CI/CD Pipeline failure on Prod4

Incident Report for Harness

Postmortem

Summary:

A Deployment pipeline execution on Prod4 resulted in removal of few workload identities from DR cluster which are shared across Primary and DR clusters, this caused the pods in both the primary and DR clusters that depend on workload identity to fail, affecting service availability.

What was the issue?

Customers faced issue with their CI/CD Pipeline where the pipeline started failing on Prod4environment

Timeline:

Time (UTC) Event
January 24 12:40 AM UTC During the Prod4 deployment, some services failed to come up healthy, and a FireHydrant incident was triggered.
January 24 12:57 AM UTC The issue was identified as missing workload identity bindings in the DR cluster. The team decided to redeploy to restore the configuration.
January 24 1:30 AM UTC The redeployment fixed the issue by syncing the Terraform state, which resolved the mismatch in the DR cluster configuration

Resolution:

Re-deployment resolved the issue by ensuring that the Terraform state was aligned with the intended configuration, which restored the missing workload identity bindings in the DR cluster.

RCA

During a recent Disaster Recovery (DR) exercise, manual changes were made to the DR cluster but were not properly captured in the Terraform configuration.
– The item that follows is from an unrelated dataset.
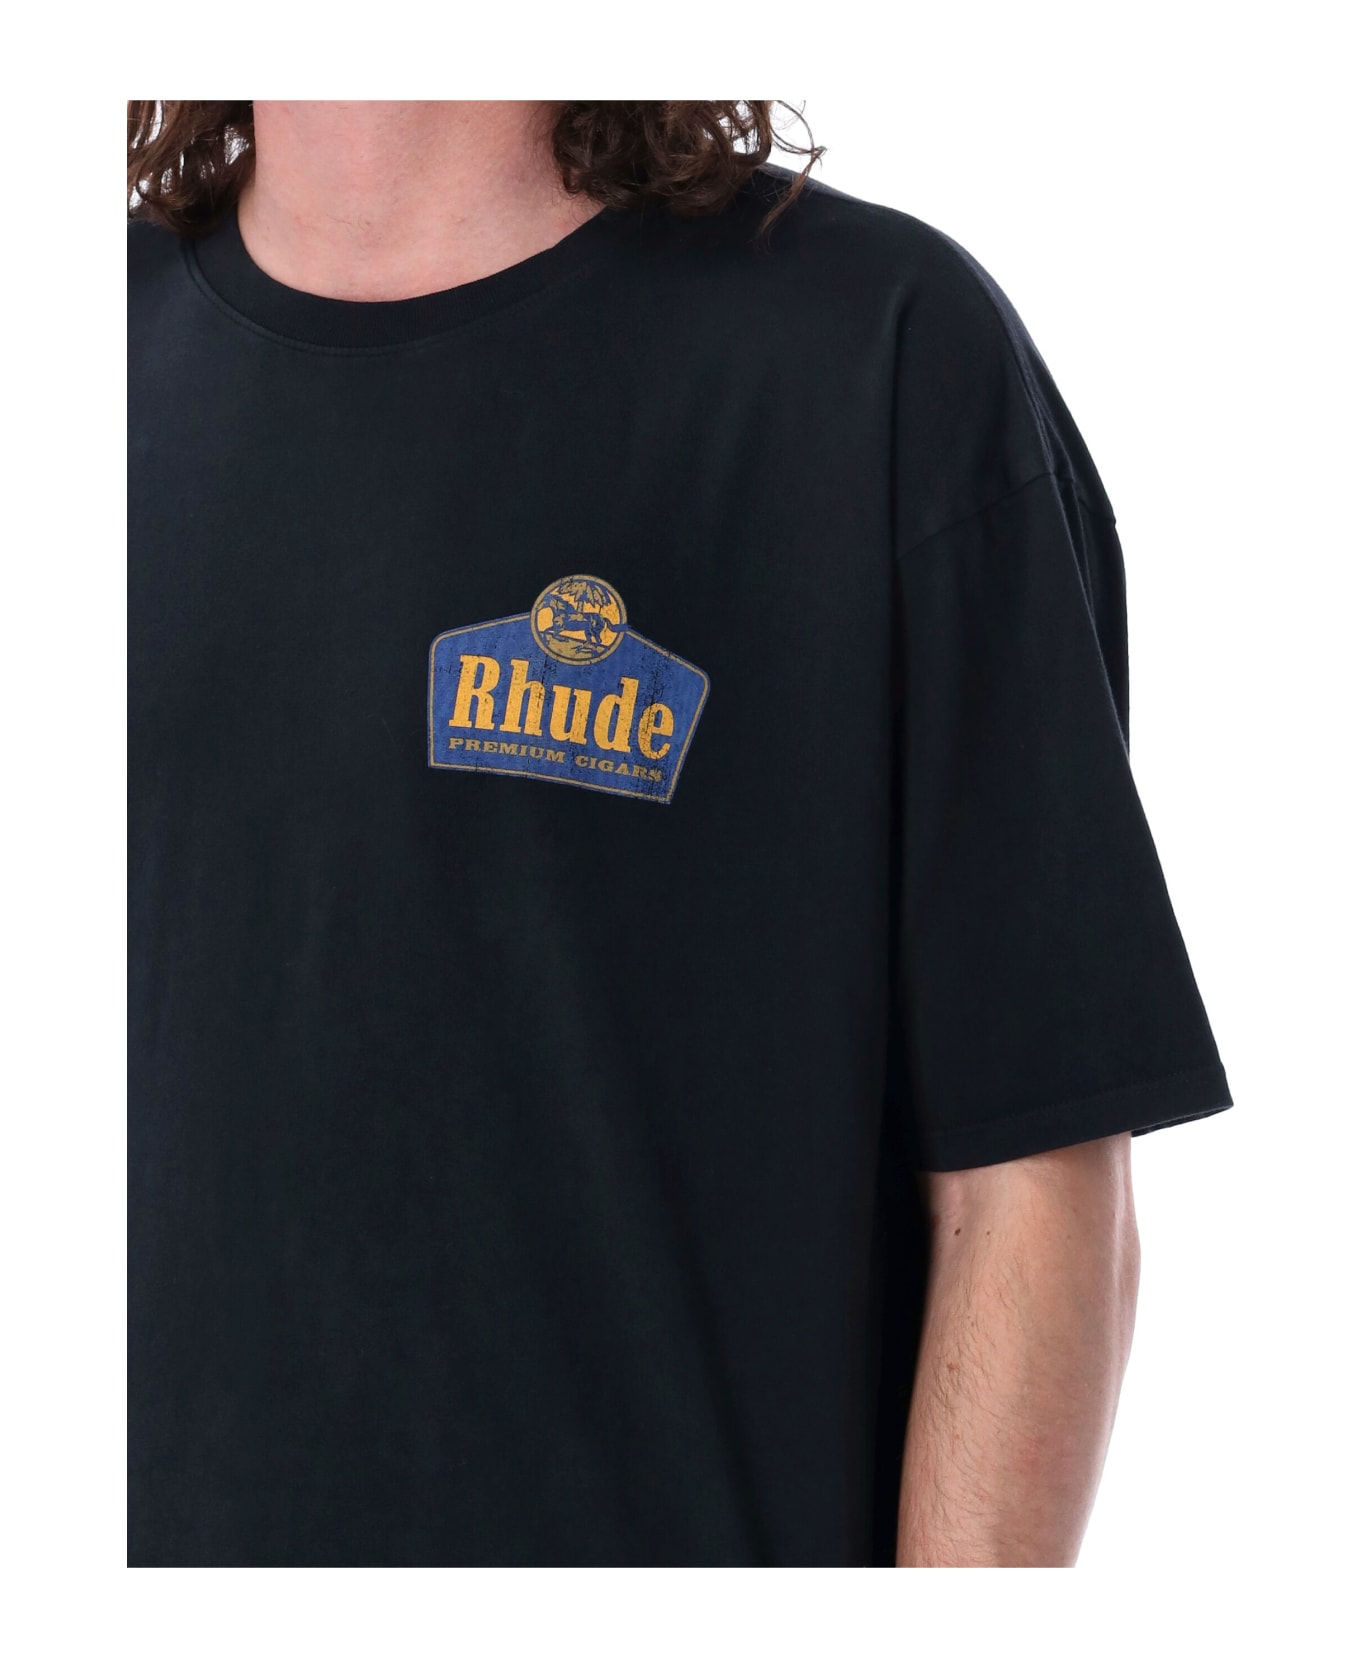 Rhude Gran Cru T-shirt - VINT BLACK

When the deployment pipeline executed, Terraform applied its last known state, inadvertently removing the workload identity bindings in the DR cluster. This led to pod failures in both the Primary and DR clusters, causing the CI/CD pipeline to fail in Prod4.

Action Item

  1. Ensure no manual changes are made to the system. In case of unforeseen manual changes, document them and incorporate them into Terraform.
  2. Automate Drift Detection: Implement automated drift detection to identify discrepancies between the live infrastructure and Terraform state.
  3. Pre-Deployment Validations: Introduce additional pre-deployment checks to verify workload identity bindings before applying changes.
Posted Mar 06, 2025 - 11:53 PST

Resolved

This incident has been resolved.
Posted Jan 23, 2025 - 17:32 PST

Investigating

The Harness service is experiencing performance issues. We are working to identify the cause and restore normal operations as soon as possible.
Posted Jan 23, 2025 - 16:40 PST
This incident affected: Prod 4 (Continuous Delivery - Next Generation (CDNG), Continuous Integration Enterprise(CIE) - Self Hosted Runners, Continuous Integration Enterprise(CIE) - Mac Cloud Builds, Continuous Integration Enterprise(CIE) - Windows Cloud Builds, Continuous Integration Enterprise(CIE) - Linux Cloud Builds, Security Testing Orchestration (STO)).